Correct. No wireless. Which does make me think it must be something else. In the interest of completeness, there are also 2 usb devices attached. A usb hard drive which was not mounted at the time. And an HP usb laser printer.
(In reply to comment #12) > On my machine the kernel kernel-2.6.24.3-12.fc8 also crashes, unfortunately no > ath5, but it looks it can be related to the heavy network traffic (or higher > system load). > Your crash is completely different from the initial reported one.
This message is a reminder that Fedora 8 is nearing its end of life. Approximately 30 (thirty) days from now Fedora will stop maintaining and issuing updates for Fedora 8. It is Fedora's policy to close all bug reports from releases that are no longer maintained. At that time this bug will be closed as WONTFIX if it remains open with a Fedora 'version' of '8'. Package Maintainer: If you wish for this bug to remain open because you plan to fix it in a currently maintained version, simply change the 'version' to a later Fedora version prior to Fedora 8's end of life. Bug Reporter: Thank you for reporting this issue and we are sorry that we may not be able to fix it before Fedora 8 is end of life. If you would still like to see this bug fixed and are able to reproduce it against a later version of Fedora please change the 'version' of this bug to the applicable version. If you are unable to change the version, please add a comment here and someone will do it for you. Although we aim to fix as many bugs as possible during every release's lifetime, sometimes those efforts are overtaken by events.
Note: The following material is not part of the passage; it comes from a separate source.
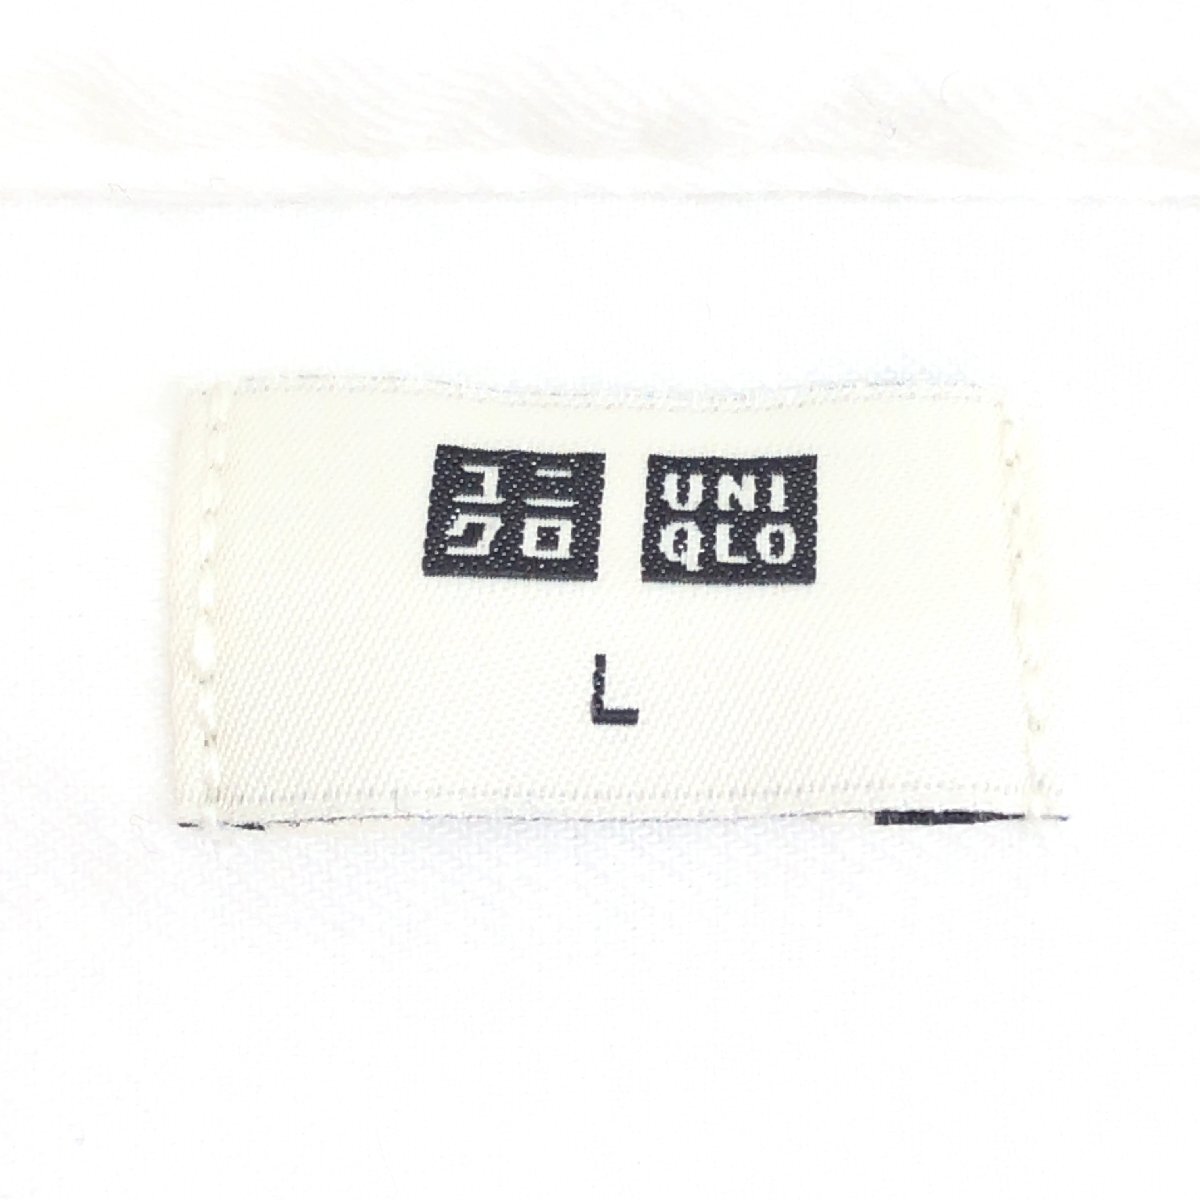 新品 UNIQLO ユニクロ フランネル スタンドカラー シャツ L 白 ホワイト 長袖 ネルシャツ バンドカラー 国内正規品 未使用_画像4

Often a more recent Fedora release includes newer upstream software that fixes bugs or makes them obsolete. The process we are following is described here: http://fedoraproject.org/wiki/BugZappers/HouseKeeping
I can confirm a seemingly identical problem on FC9. After heavy traffic usage, in my case trying to download a full DVD iso, the computer hangs. The first symptom is wireless networking going dead. After that, the keyboard becomes unresponsive. Finally, the mouse locks up and there's nothing left one can do. I built the fedora 9 2.6.27.5-41 kernel with KDB. After triggering the hang, the serial console showed: kernel BUG at drivers/net/wireless/ath5k/base.c:1708! I will add an attachment with the backtrace at the time of the hang. Since I can reproduce with kdb and can easily view memory and register contents, please let me know if there is any further information that could be useful.
Created attachment 325692 [details] KDB backtrace on hang
Fedora 8 changed to end-of-life (EOL) status on 2009-01-07. Fedora 8 is no longer maintained, which means that it will not receive any further security or bug fix updates. As a result we are closing this bug. If you can reproduce this bug against a currently maintained version of Fedora please feel free to reopen this bug against that version. Thank you for reporting this bug and we are sorry it could not be fixed.